Гуннар повернулся, чтобы уйти, но я схватил его за рукав и спросил, что происходит.
― Мы драпаем, ― сказал он, ухмыльнувшись во весь рот, набитый полупрожеванным хлебом. ― Прямо по ветру.
Принесли щиты, отбили навершия и вместе с заклепками бережно сложили в сумы. Вставили весла. Это тоже показалось мне странным: я уже знал, что пытаться грести при такой волне ― безумие. Или мы попытаемся повернуть корабль к какой-то таинственной скрытой земле, которую мой отец обнаружил своим колдовским способом?
Потом щиты без наверший надели на весла, повернутые лопастями плашмя к воде. Щиты закрепили, и весла тоже, так, что ими невозможно было шевельнуть. Я никогда не видел и не слышал о таком; и, судя по всему, не я один.
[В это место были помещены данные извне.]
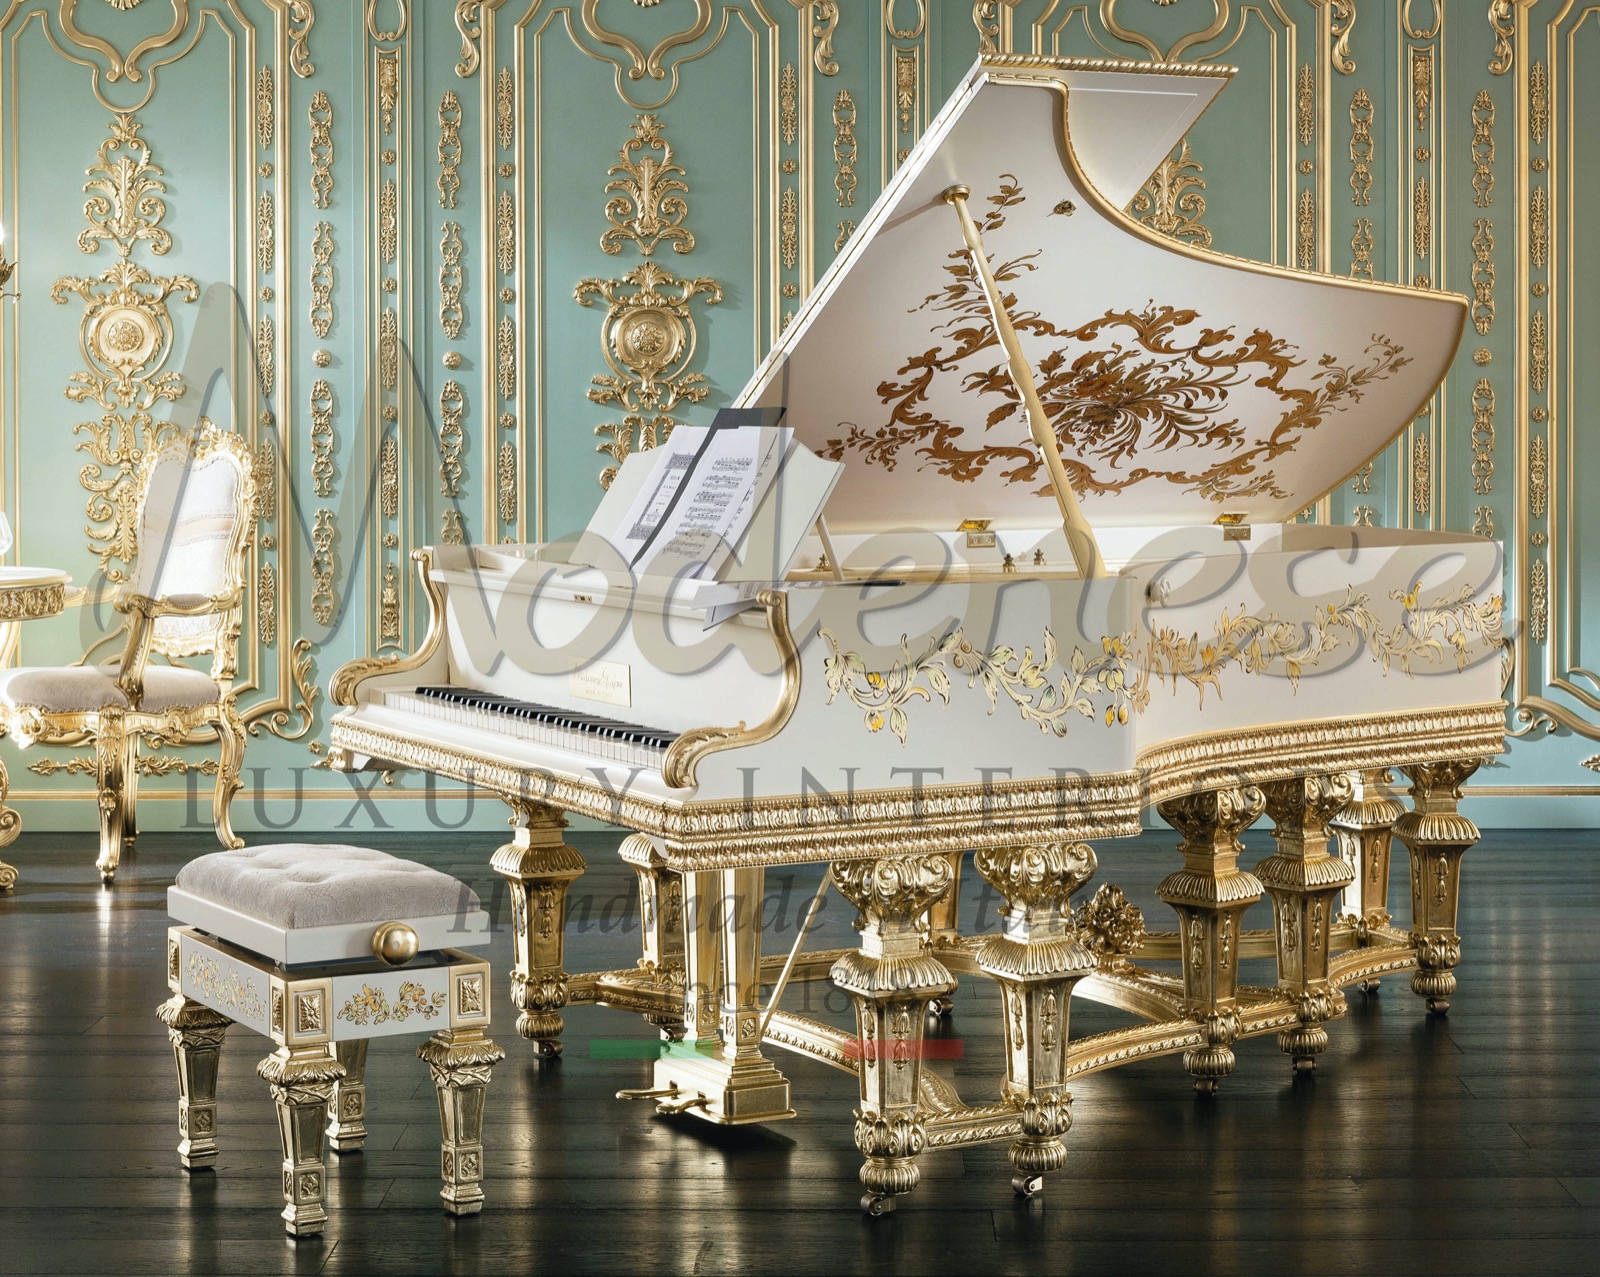 ديكورات داخلية ايطالية فاخرة - انتاج حرفي - موسيقى - بيانو - ترميم -Steinway- Bernstein -blunter - ديكور كلاسيكي - صناعة يدوية - ورق الذهب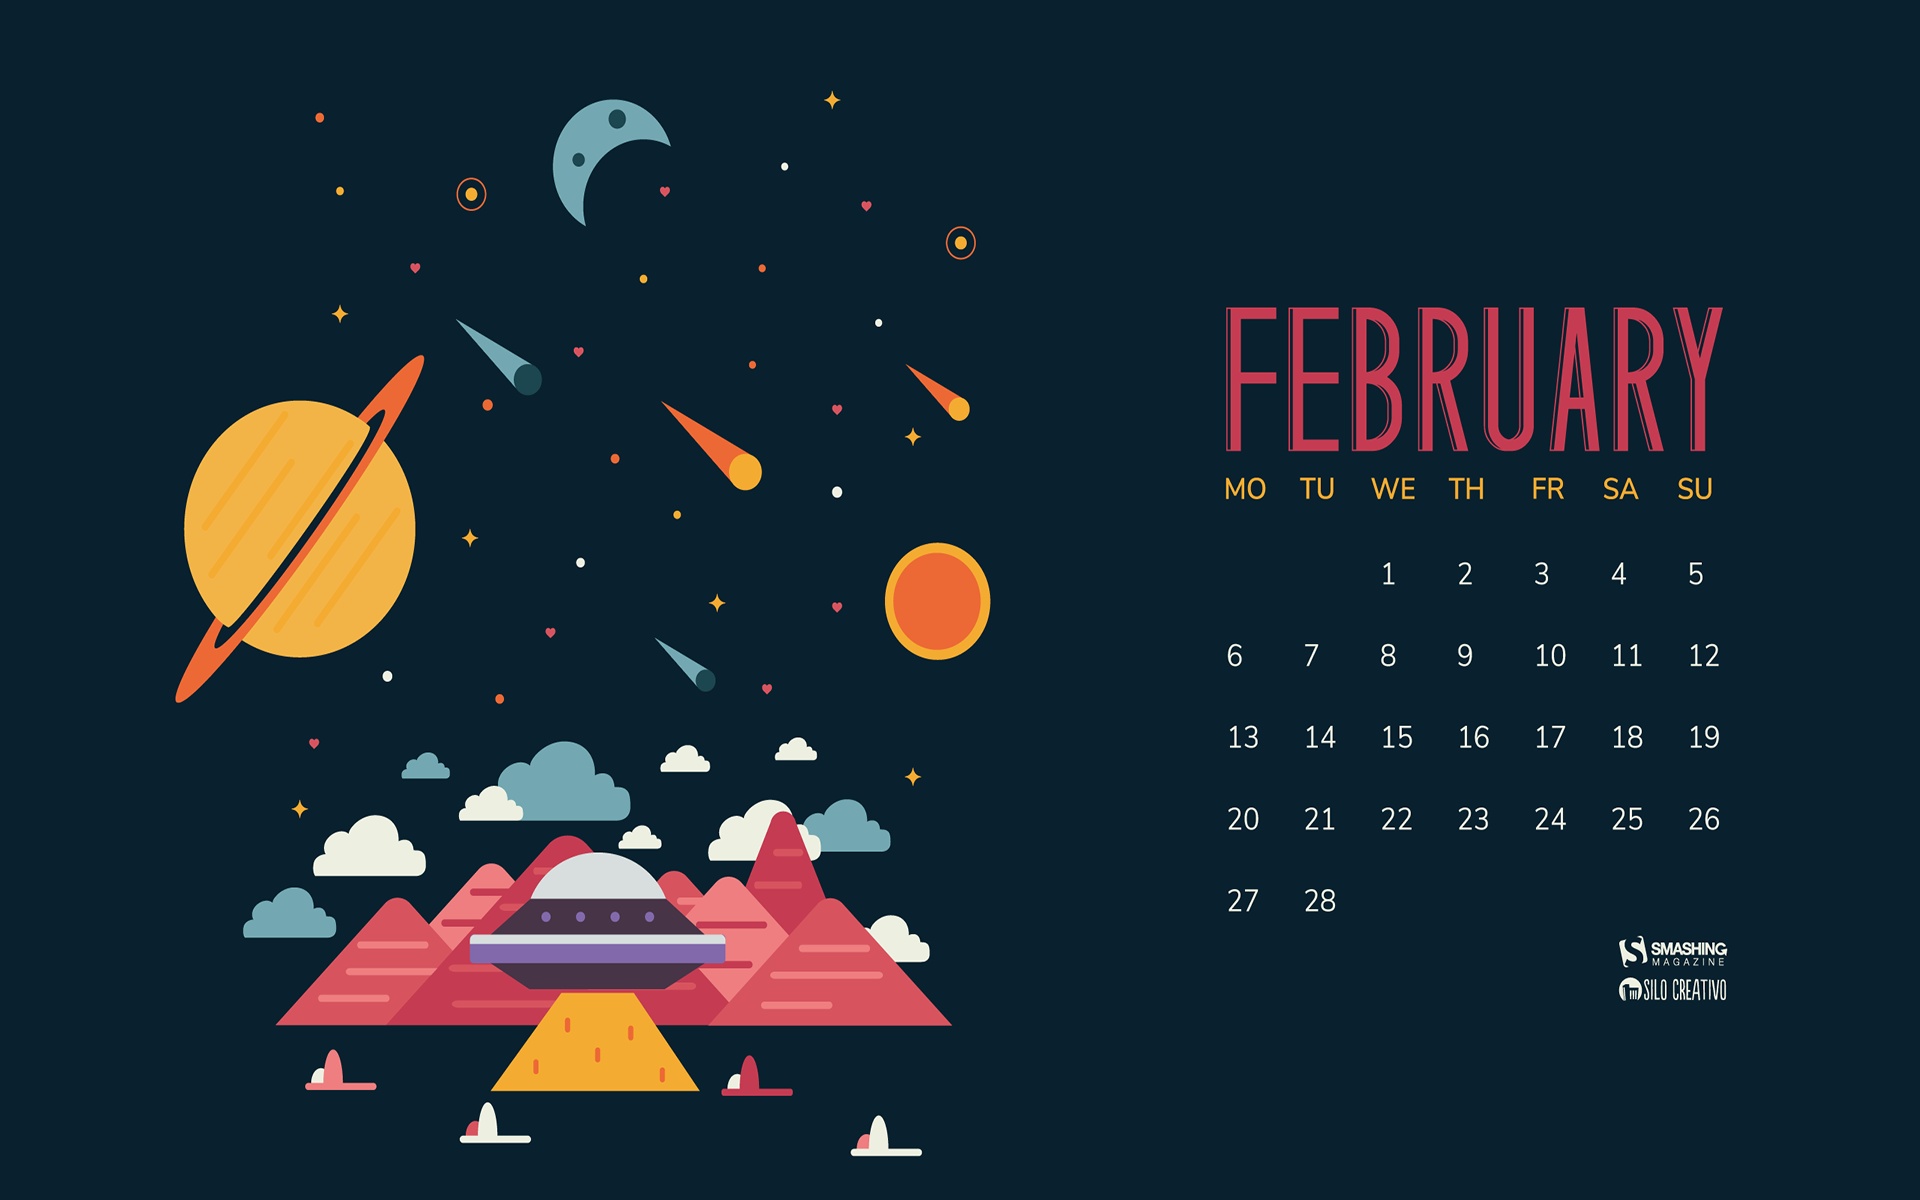 Month Year Calendar Wallpapers - February 2019 Calendar Desktop Backgrounds  - 1920x1200 Wallpaper

А кому было что-то известно, те не очень-то радовались.
Весла, одинаково закрепленные, торчали беспомощно, как смешные ножки диковинного насекомого.
― Поднять парус! ― прокричал Рерик.
Нет ― наверняка это ошибка, ― при таком-то ветре и волне? Мы рванем так, что перевернемся вверх тормашками, врежемся носом в волну и потопим корабль! Я наслышан о подобном ― у нас ведь нет киля для такого плавания.
Но мореходы бросились выполнять приказ. Рею подняли, большой парус ― намокший, даром что он пропитан овечьим салом и китовым жиром, ― захлопал, натянулся, взревел, как накормленная травой кобыла, и «Сохатый» подпрыгнул, точно бабенка, которую шлепнули по заду.
Несведущие разинули рты, кое-кто закричал от страха, но «Сохатый» задрожал и рванулся вперед, а весла служили ему килем, которого у него не было.
Отец подошел ко мне, глянул на парус, потом на рулевое весло, где стоял Скапти, засунув рукоять под мышку, ― рядом с ним на подхвате еще трое, на случай, коли придется повернуть.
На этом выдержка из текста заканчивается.